Roughly four million people -- a quarter of whom live on a few dollars a day -- were in the path of destruction that the storm slashed through the northern tip of Luzon island, leaving at least eight dead.
"As we go forward, this number will go higher," Ricardo Jalad, head of the national civil defence office, told reporters, referring to the death toll.
In US, Tropical Storm Florence trudged inland yesterday, flooding rivers and towns, toppling trees and cutting power to nearly a million homes and businesses as it dumped huge amounts of rain on North and South Carolina, where five people have died.
As Mangkhut left the Southeast Asian archipelago and barrelled towards densely populated Hong Kong and southern China, Philippine authorities began sending search teams to remote areas hit by communication and power outages.
The extent of the storm's destruction was only beginning to be known, with reports of dozens of rain-soaked hillsides collapsing, torrents of out-of-control floodwaters and people being rescued from inundated homes.
More than 105,000 people fled their homes in the largely rural agricultural region, which is one of the nation's top producers of corn and rice.
Mangkhut was packing sustained winds of 160 kilometres (105 miles) per hour and gusts of up to 195 km per hour as it hurtled across the sea towards China's heavily populated southern coast.
An average of 20 typhoons and storms lash the Philippines each year, killing hundreds of people and leaving millions in near-perpetual poverty.

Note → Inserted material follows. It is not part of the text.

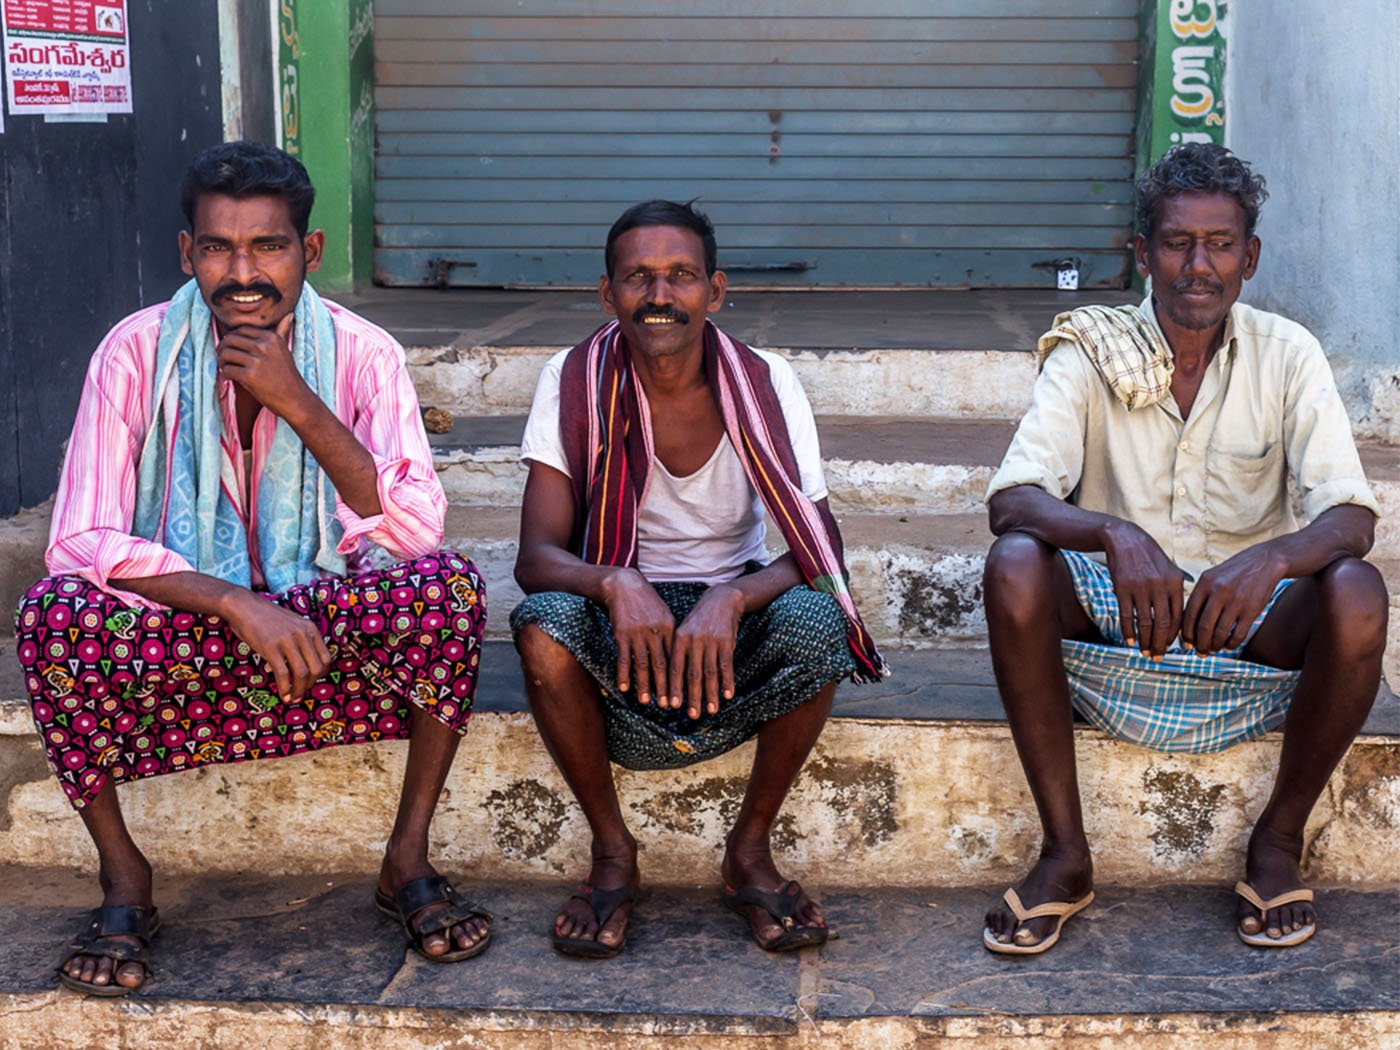 Farmers sitting in front of local shop

The dead were six people killed in landslides, a girl who drowned and a security guard crushed by a falling wall. In addition to the eight killed in the Philippines, a woman was swept out to sea in Taiwan.
The country's deadliest storm on record is Super Typhoon Haiyan, which left more than 7,350 people dead or missing across the central Philippines in November 2013.

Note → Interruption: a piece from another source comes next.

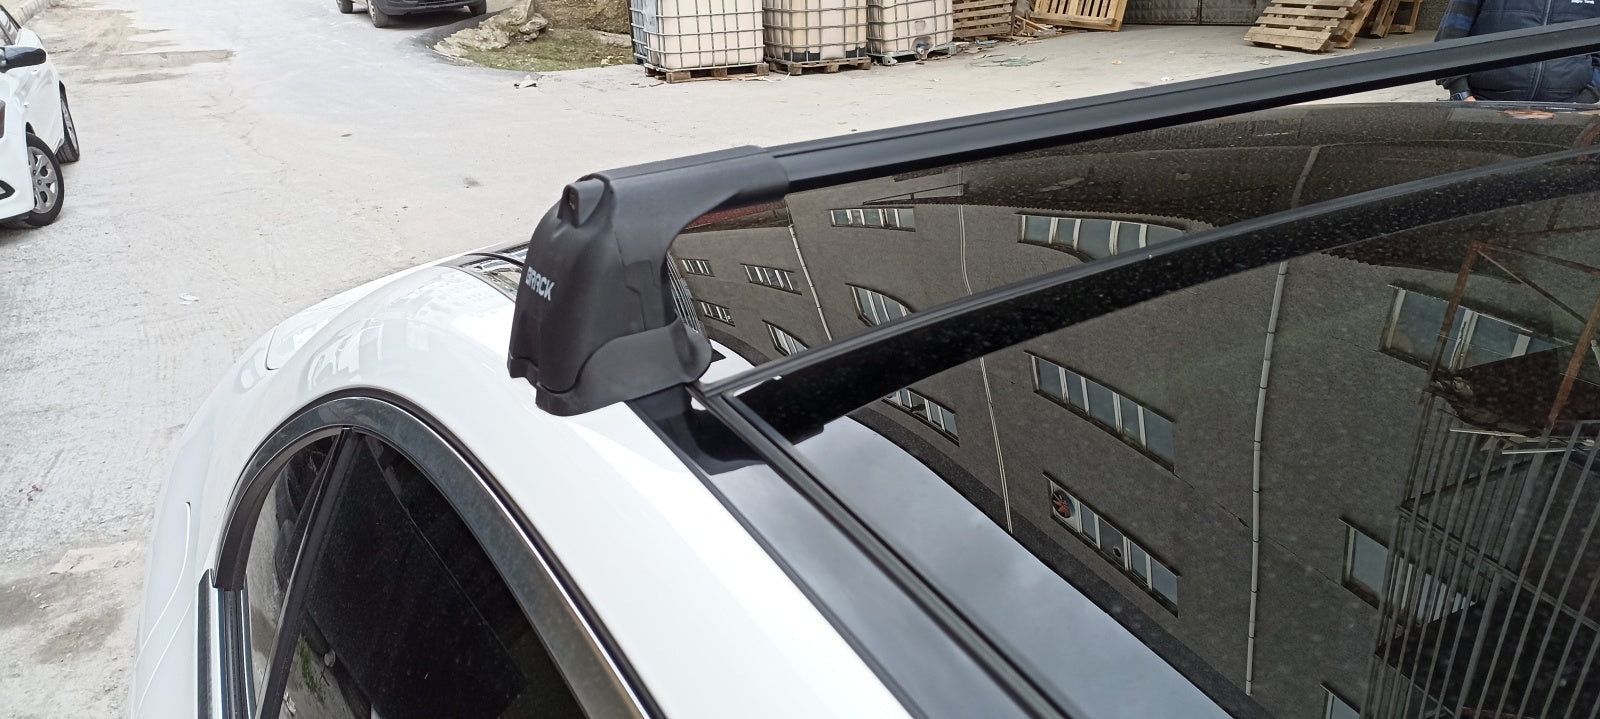 For Mercedes E Series W213 2016-Up Roof Rack System Carrier Cross Bars Aluminum Lockable High Quality of Metal Bracket Silver

Philippine government forecaster Ariel Rojas said even though the storm had passed the Philippines, it would continue to bring heavy rain in the country possibly causing more floods and landslides until Monday.
The Hong Kong government said Mangkhut will pose "a severe threat to the region", with many residents in the city and neighbouring Macau stocking up on food and supplies.
Florence diminished from hurricane strength as it came ashore on Friday, but forecasters said the 350-mile-wide storm's (560 km) slow progress across the two states could leave much of the region under water in the coming days.
The National Hurricane Center said the storm would dump as much as 30 to 40 inches (76-102 cm) of rain on the southeastern coast of North Carolina and part of northeastern South Carolina, as well as up to 10 inches (25 cm) in southwestern Virginia.
At 8:00am EDT (1200 GMT), the hurricane center said Florence had maximum sustained winds near 50 miles per hour (80 km per hour) and continued to produce catastrophic flooding in the Carolinas. It said it was located about 35 miles (55 km) west of Myrtle Beach, South Carolina, and forecasters predicted a slow westward march.
About 10 million people could be affected by the storm.